A: I believe we’re all given gifts, and I know what gifts I wasn’t given—like the great eye-hand coordination that the athletes I admired appear to have. I loved sports, and it was very frustrating to me. For example, I didn’t get picked to make a Little League team, even just to sit on the bench—a devastating moment for a little boy. But I found a way to channel it. When I was 15, I convinced the editor of our weekly paper in the Chicago suburb of Hoffman Estates to pay me, I think, 10 cents an inch to write about high school sports. Everything that has happened in my life flows from that decision, including meeting and making the friends who encouraged me to try a novel decades later. I think we’re here to use the gifts we’re given.
If you co-authored the book with someone else: What was the most challenging part of the co-authoring relationship?
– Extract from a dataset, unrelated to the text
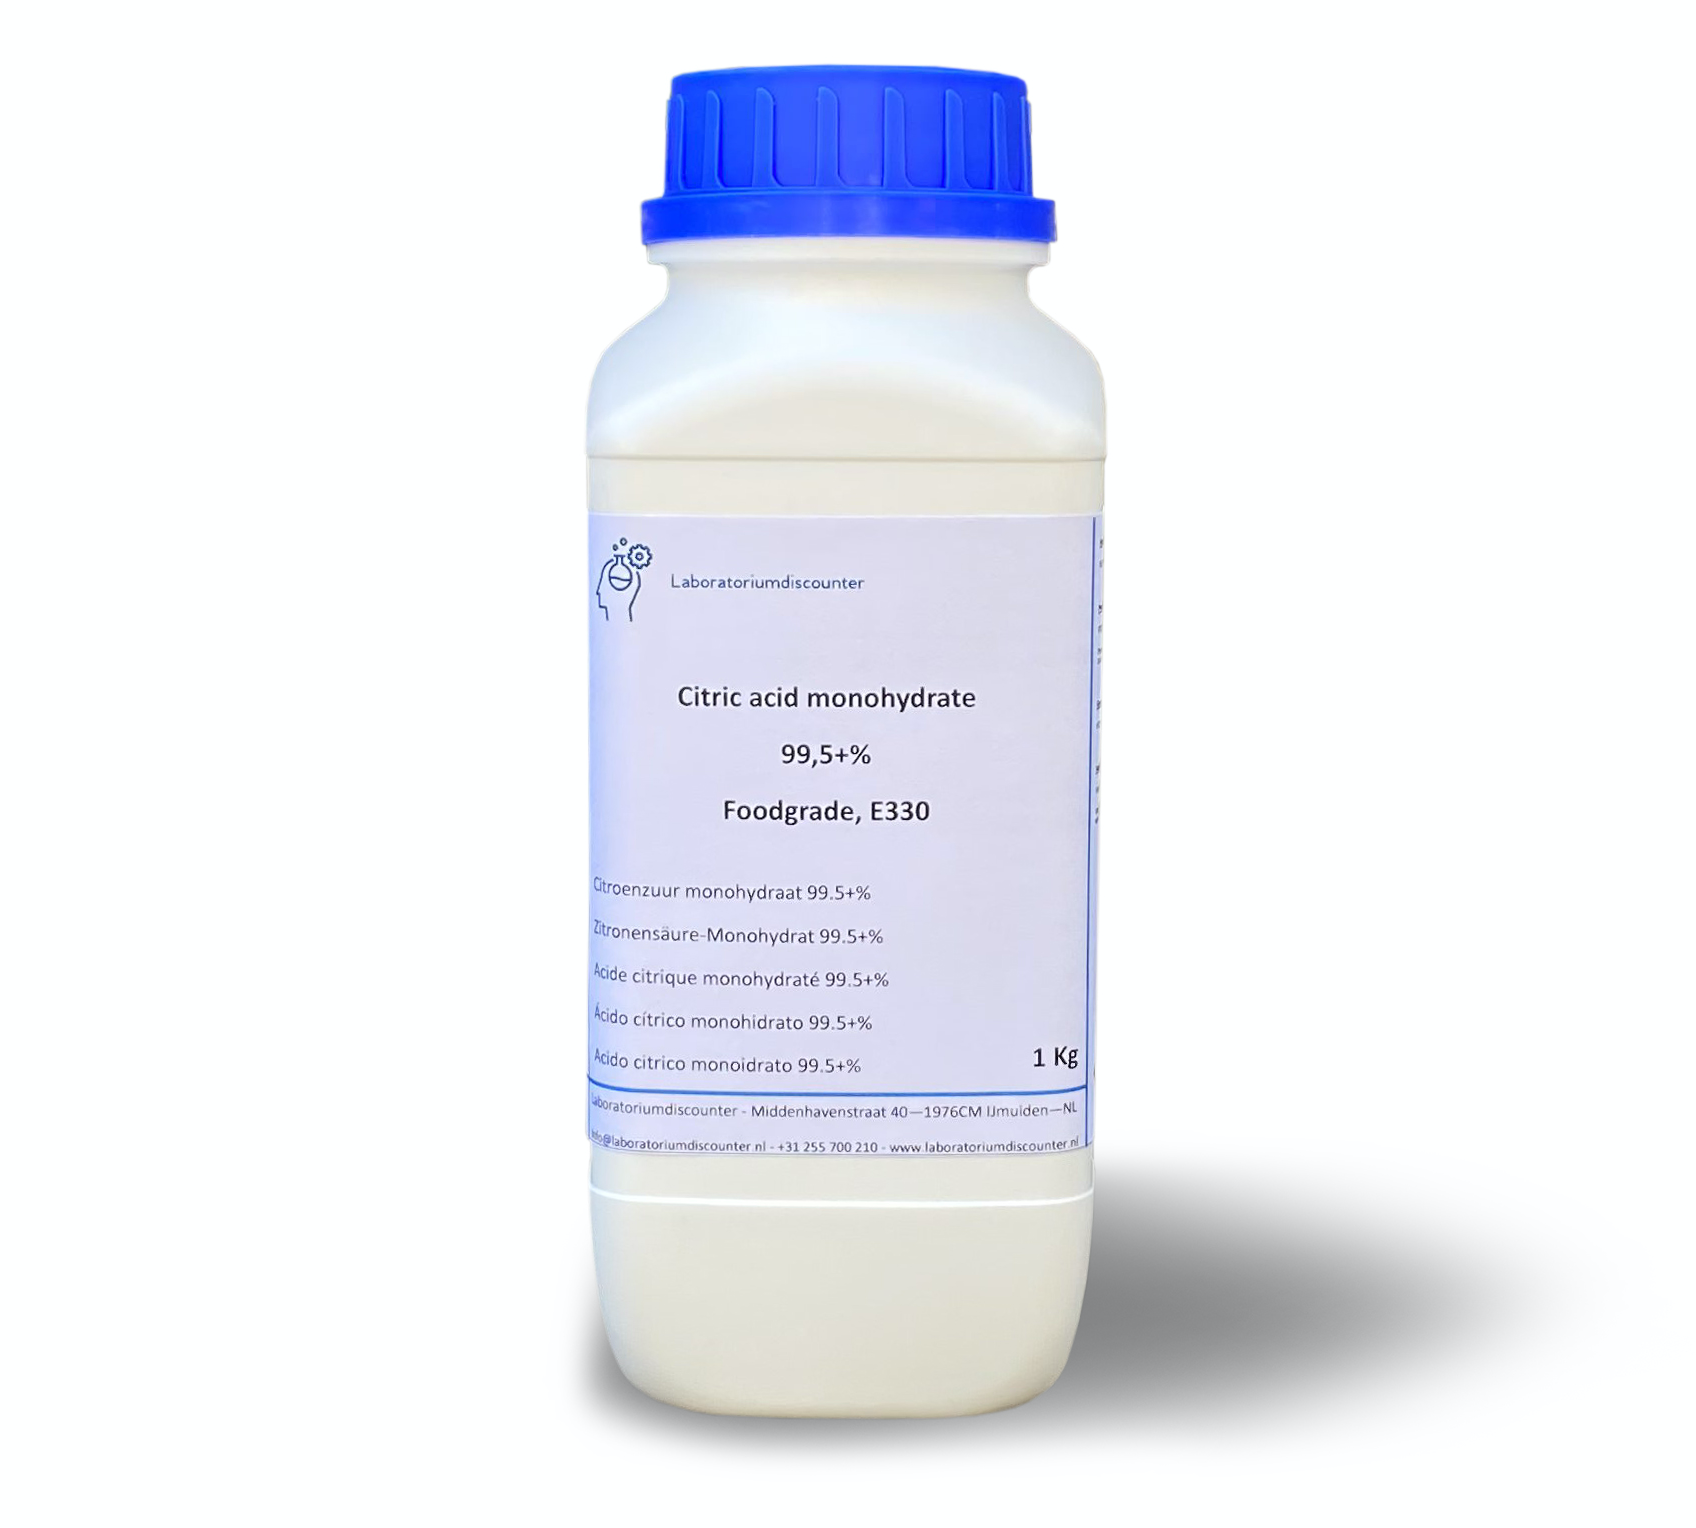 Ácido cítrico monohidrato CAS 5949-29-1
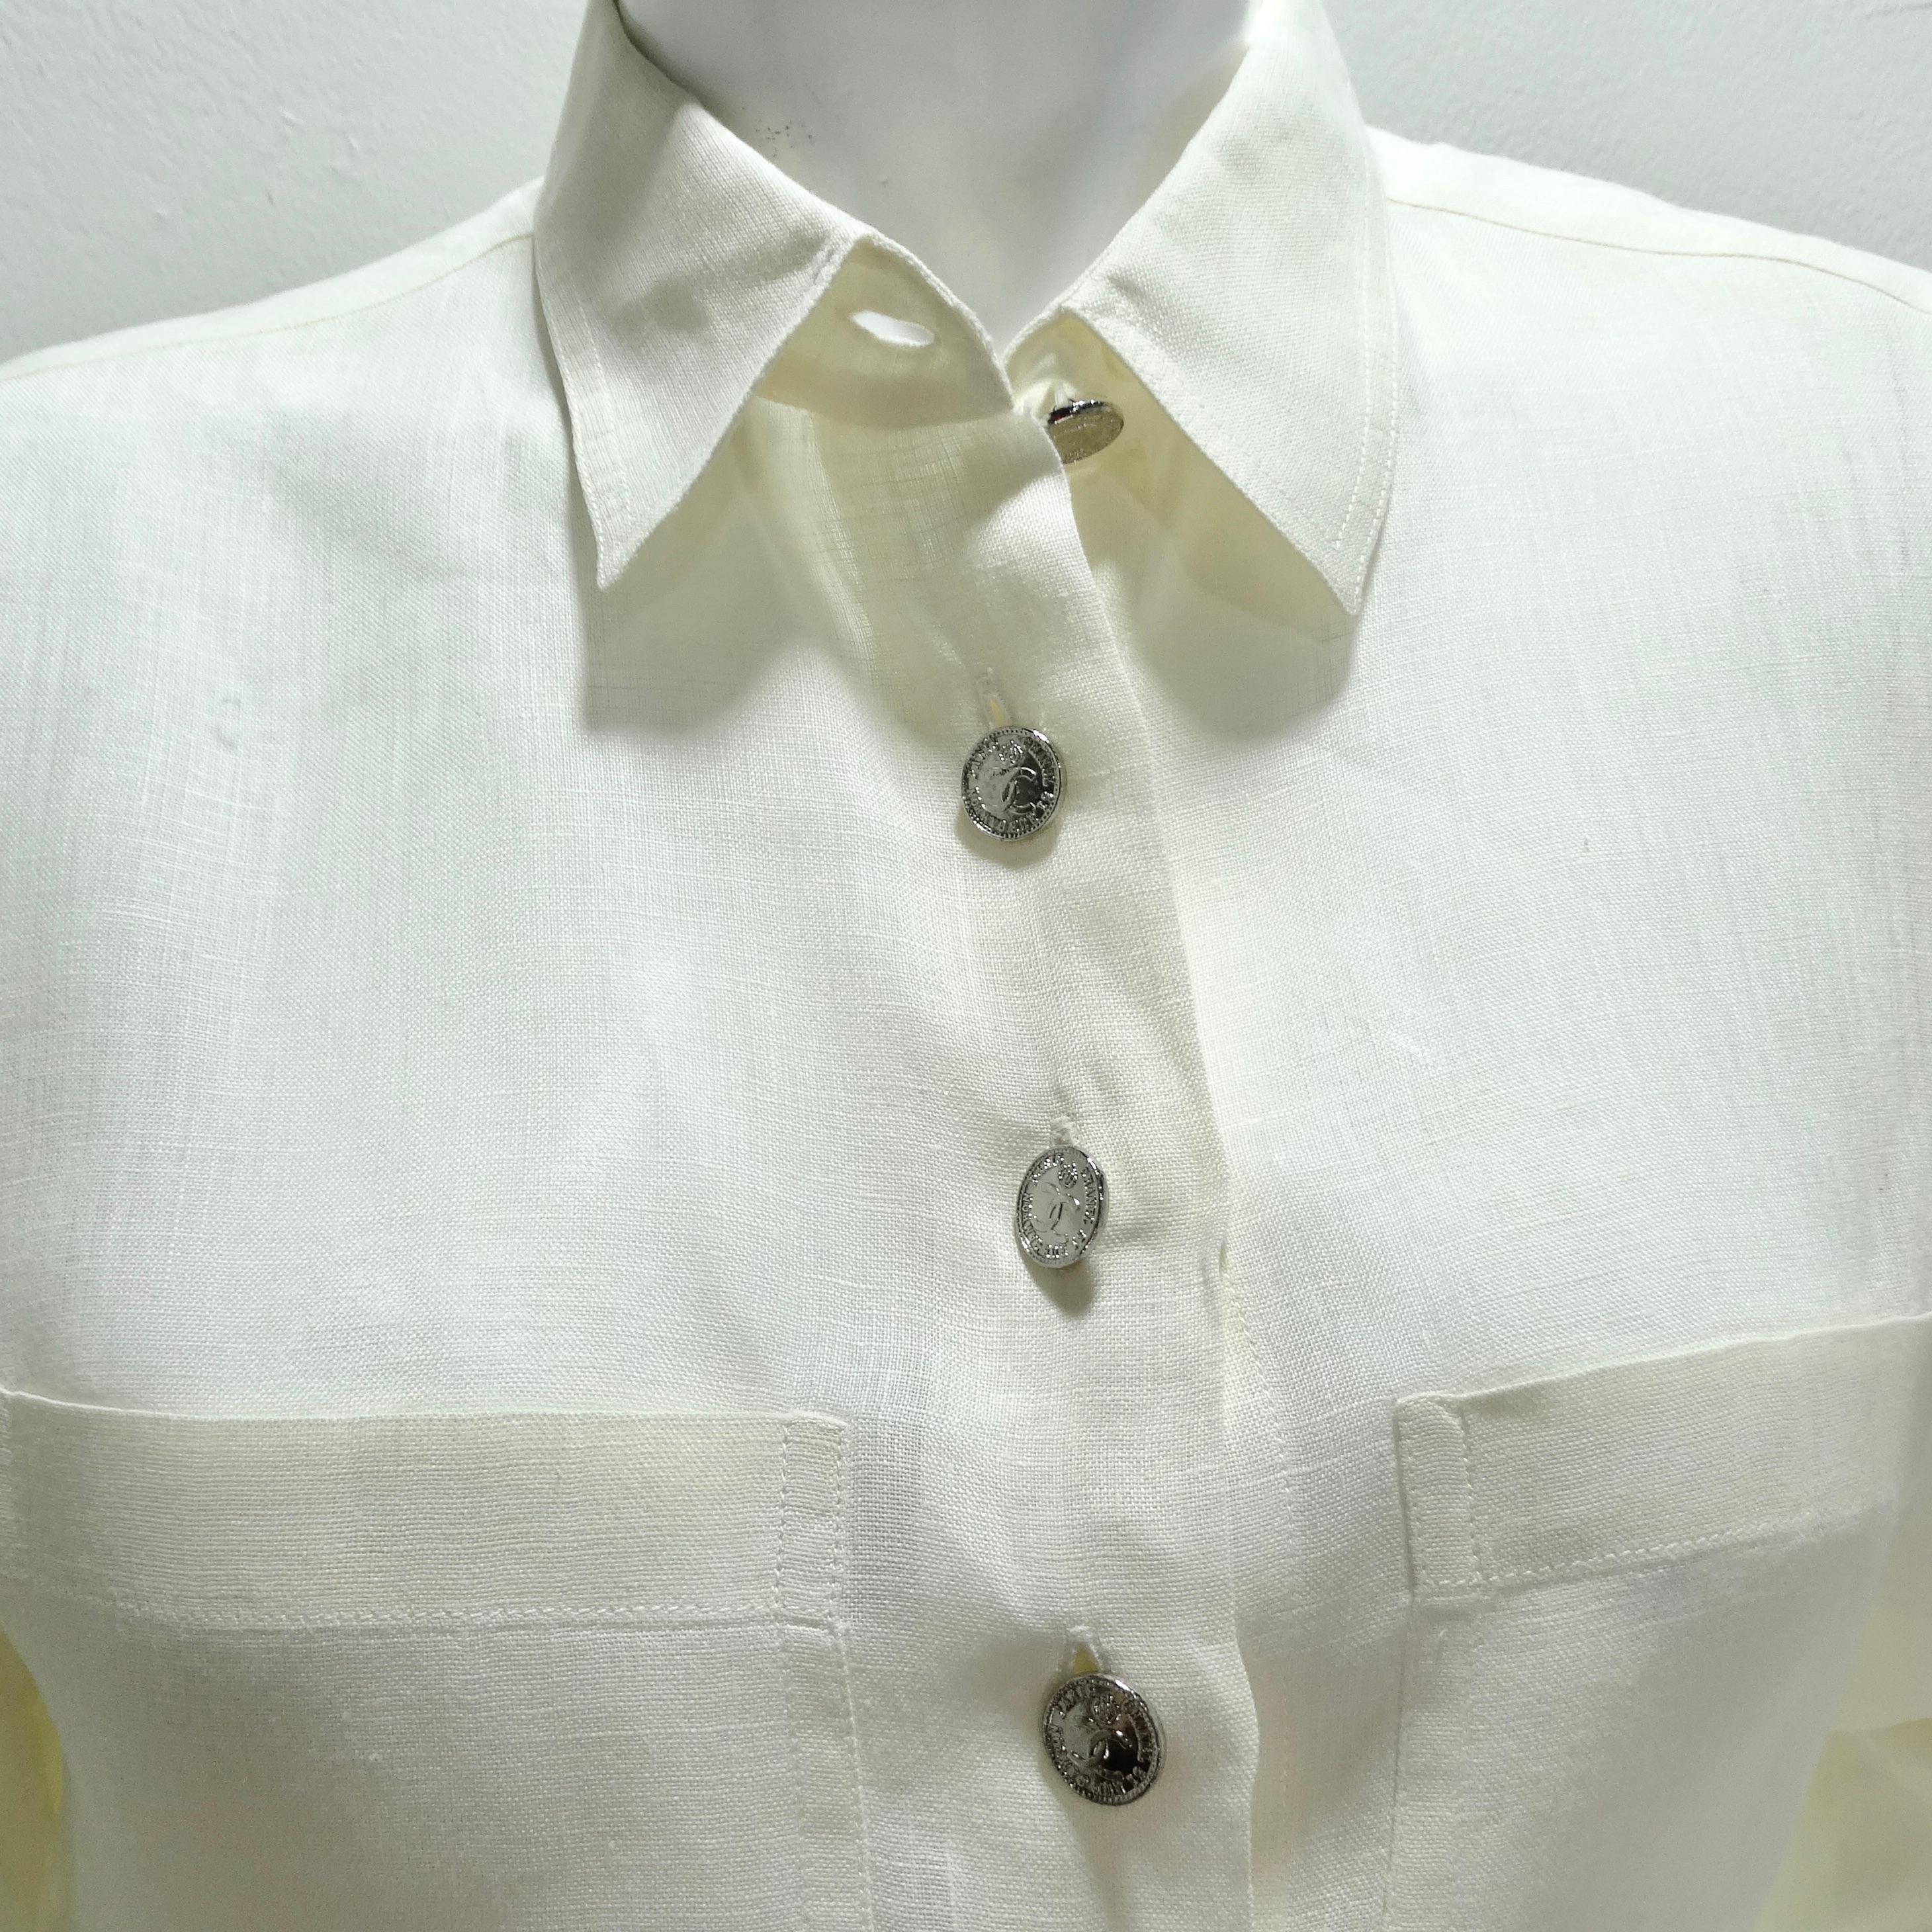 Werten Sie Ihre Garderobe mit dem Chanel 90s White Linen Button Down Shirt auf - ein klassisches und zeitloses Stück, das Raffinesse ausstrahlt. Dieses Hemd mit Kragen und Knopfleiste ist aus leichtem elfenbeinfarbenem Leinen gefertigt. Die

As I noted above, the book has as its foundation a radio drama created by Ed Galloway. Ed wasn’t involved in the day-to-day writing, but he was hugely supportive, even as I kept changing things. He died unexpectedly of a heart attack as I was wrapping up an early draft. His widow, Carolyn, has been awesome in her support of the project, which we all see now as a wonderful way to remember Ed and his life’s work. As I say in the author’s notes at the end of the book, as a radio guy, Ed would certainly have agreed that the show goes on.
*****
Dennis Hetzel is an author, media consultant, and freelance journalist. His award-winning thrillers, Season of Lies and Killing the Curse, explored the prices paid to succeed at the highest levels of politics and sports. In earlier lives, he was a reporter, editor, publisher, college journalism professor, trade association executive, and lobbyist recognized nationally for his work on First Amendment issues. A Chicago native, he lives in Holden Beach, North Carolina. He also does book reviews for Windy City Writes in Chicago and BookTrib.com and plays bass and rhythm guitar in an Americana rock band, MoSun, still hoping that this musician thing works out when he grows up.